Do not rejoice in this, that the spirits are subject to you… —Luke 10:20

{CHAMBERS} “In Luke 10:20, Jesus told the disciples not to rejoice in successful service, and yet this seems to be the one thing in which most of us do rejoice. We have a commercialized view— we count how many souls have been saved and sanctified, we thank God, and then we think everything is all right. Yet our work only begins where God’s grace has laid the foundation. Our work is not to save souls, but to disciple them. Salvation and sanctification are the work of God’s sovereign grace, and our work as His disciples is to disciple others’ lives until they are totally yielded to God. […] As workers for God, we must reproduce our own kind spiritually, and those lives will be God’s testimony to us as His workers. God brings us up to a standard of life through His grace, and we are responsible for reproducing that same standard in others. […] Whenever our Lord talked about discipleship, He always prefaced His words with an “if,” never with the forceful or dogmatic statement— “You must.” Discipleship carries with it an option.”

{ELGIN}  Do you consider yourself a “Christian worker” or do you think that only people who are ministry in church or on mission are the workers.  I ask because if you read some of Chambers devotions you might think that they don’t apply to you.  We are all Christian workers with a common ministry.  We have all been given the ministry of reconciliation (2 Corinthians 5:17-20) “Therefore, if anyone is in Christ, the new creation has come: The old has gone, the new is here!

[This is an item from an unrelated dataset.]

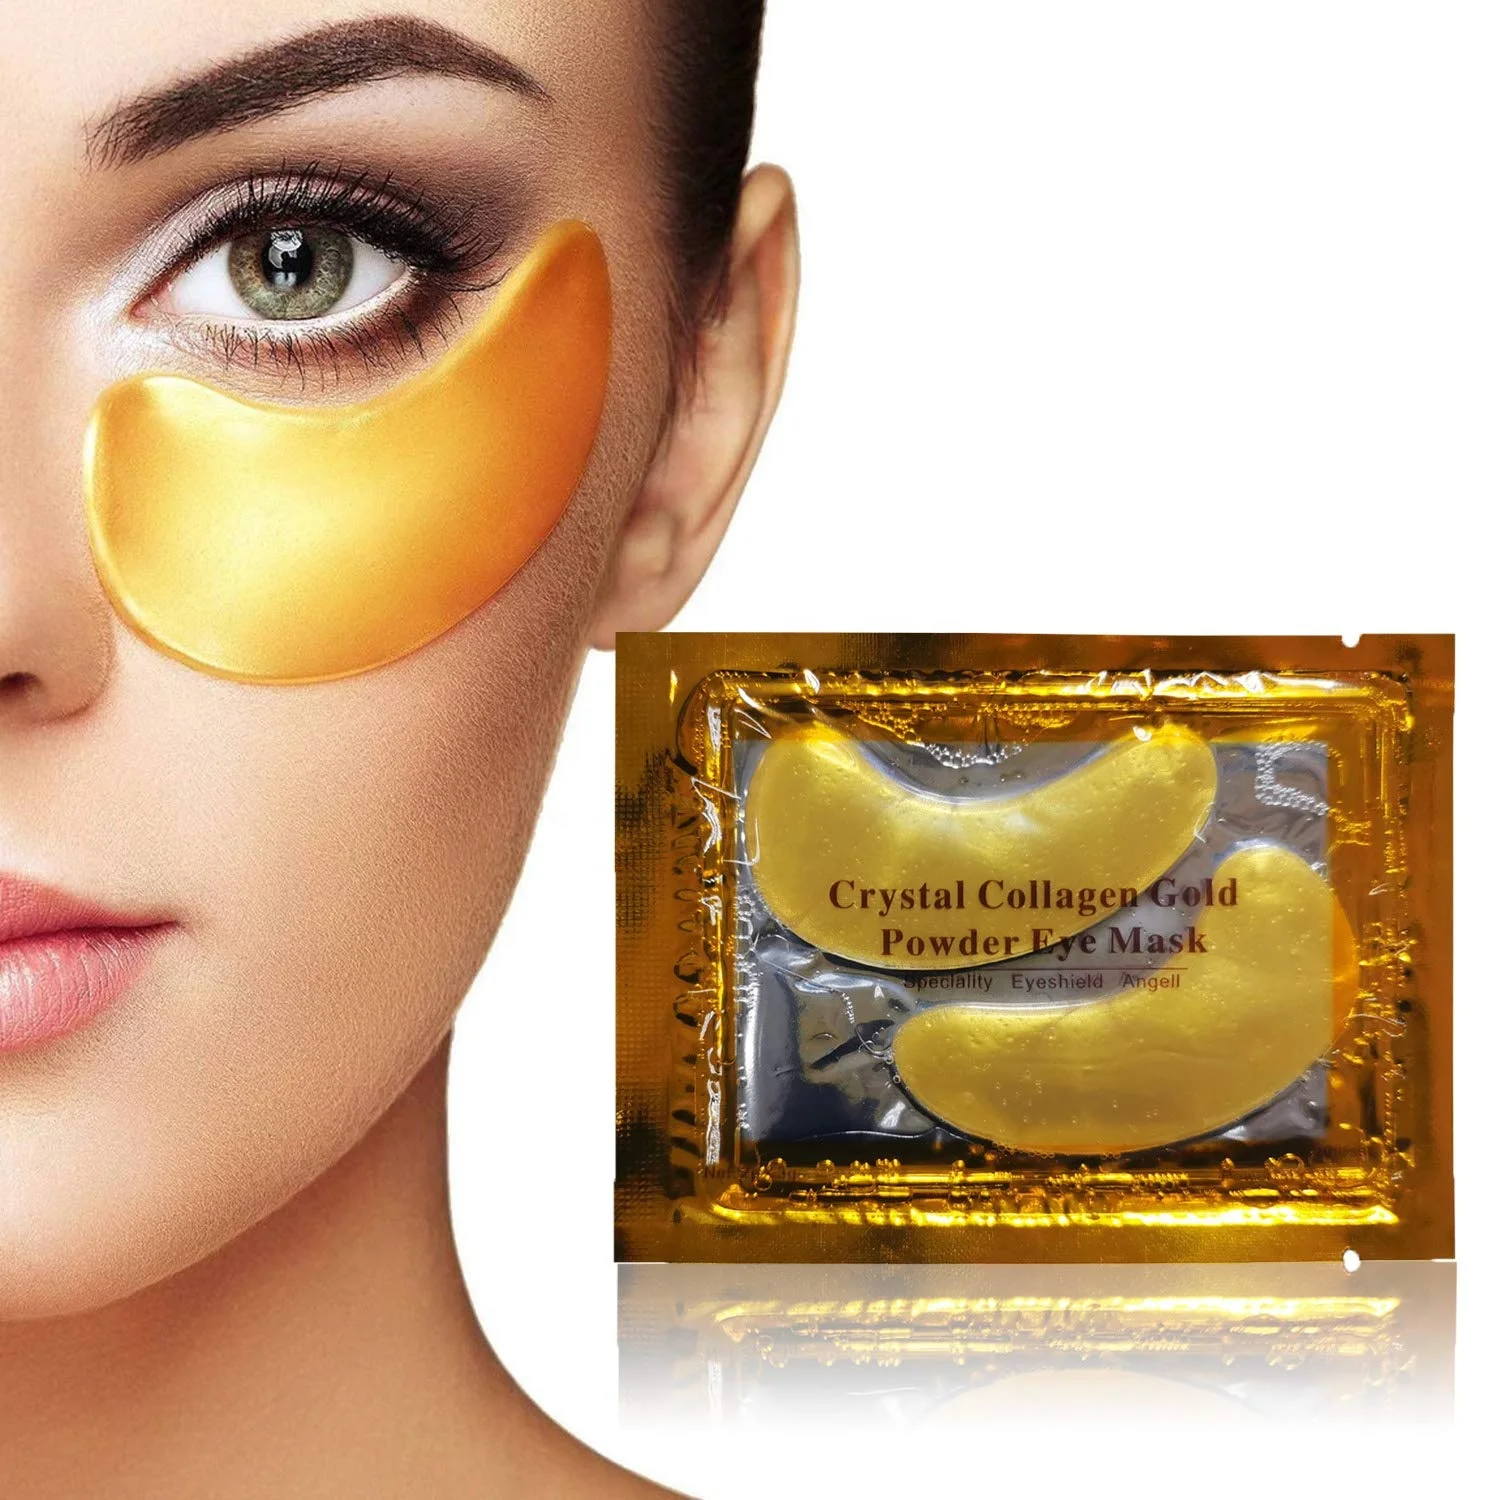 

24K Gold Collagen Under Eye Mask, Crystal Power Gel Collagen Eye Patches, Great For Anti Aging, Dark Circles & Puffiness
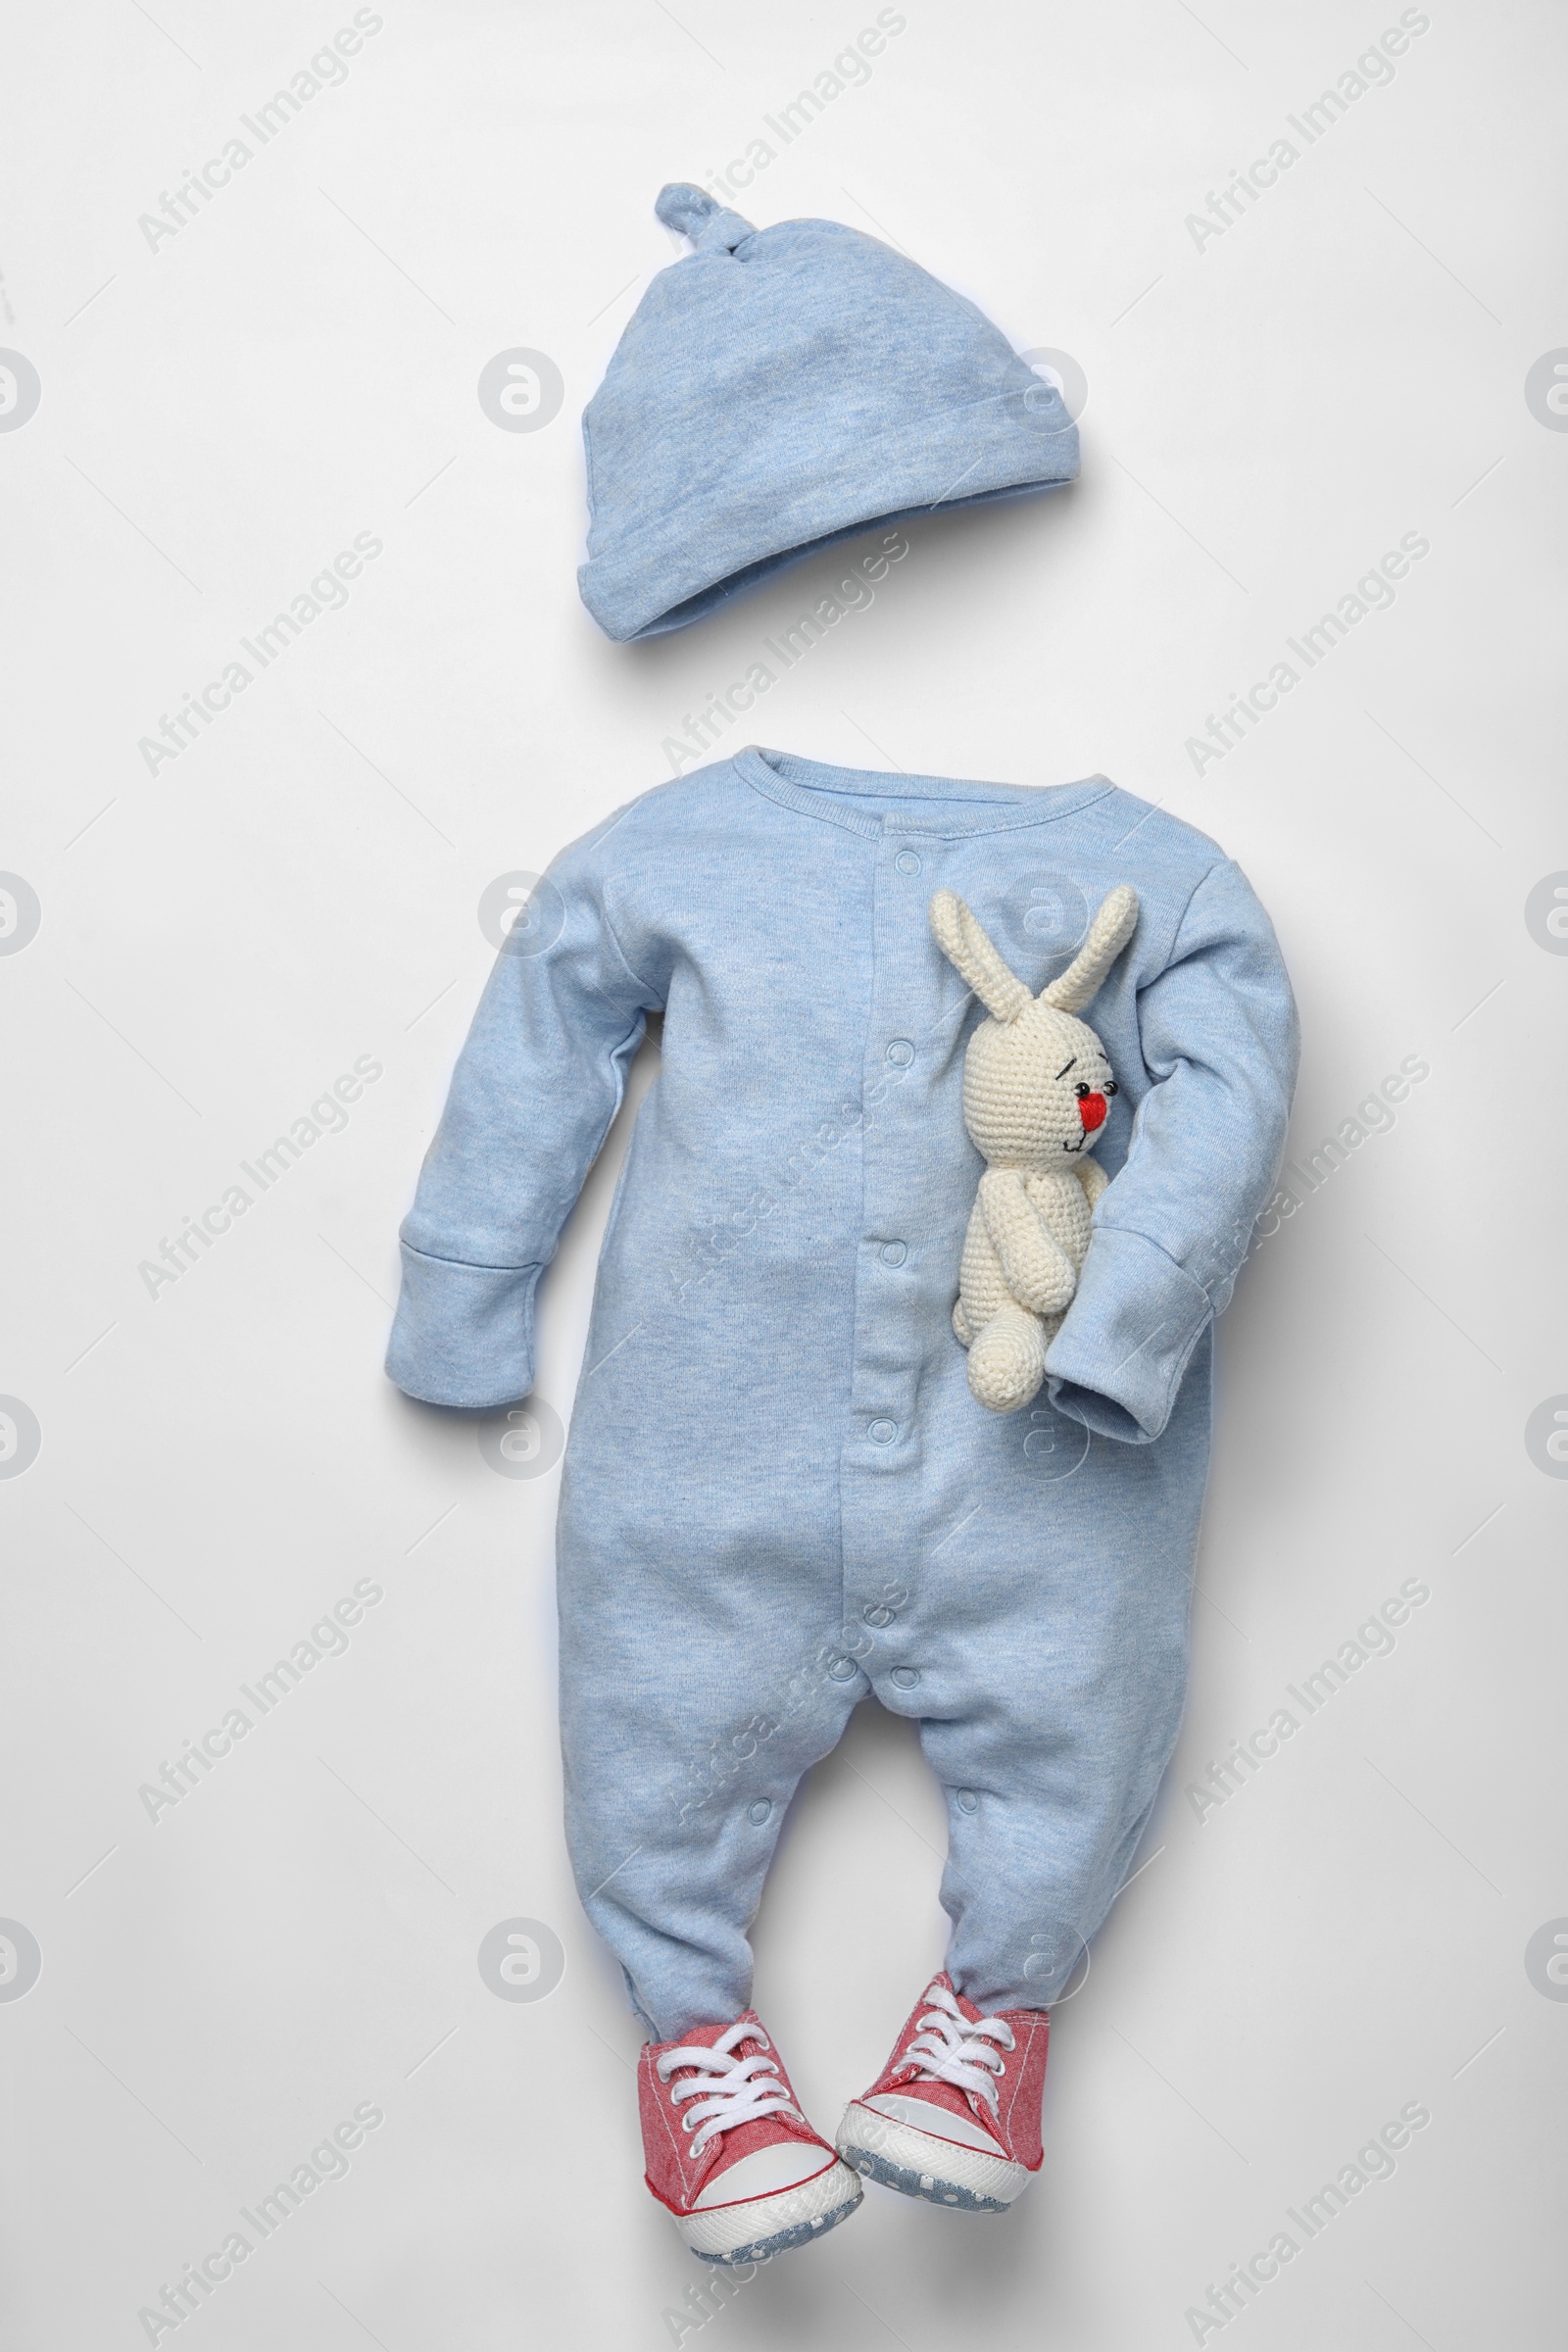 Photo of Child's clothes, booties and toy bunny on white wooden background, flat lay

All this is from God, who reconciled us to himself through Christ and gave us the ministry of reconciliation: that God was reconciling the world to himself in Christ, not counting people’s sins against them. And he has committed to us the message of reconciliation. We are therefore Christ’s ambassadors  That means that we are all workers.  Imagine if you went to a football game to watch and the coach came into the stands and said “Suit up, I am putting you in!” But you just came to watch the game .. to cheer when someone gets slammed to the ground … you had no intention of letting that happen to you!  Being a Christian is not a spectator sport.  It’s messy, demanding, grueling at times even.  But we are not asked to “play the game” on our own.  We have the power of God with us and in us.

I want you to see the bigger picture.  In Purpose Driven Life, Rick Warren wrote “It’s not about me.” And it isn’t.  We are not saved to tell the world about ourselves … just to be blessed and happy .. content with our comfort …. we are Christ’s ambassadors .. we represent Him to the world .. but for some of us, we don’t do that so well.  We refuse to get out of our seat … we try to blend in with the crowd around us … we only want to enjoy the “upside” of being a Christian … the benefits and blessings without any responsibility toward God.  It’s like a Christian welfare culture.  Lord bless me but don’t ask me to do anything that would make me feel uncomfortable or endanger my lifestyle or relationships or require me to do something for You.  Think about it .. pray about it .. and repent if you need to … Then get you game face on (which is to say get right spiritually) .. the Coach is putting you in!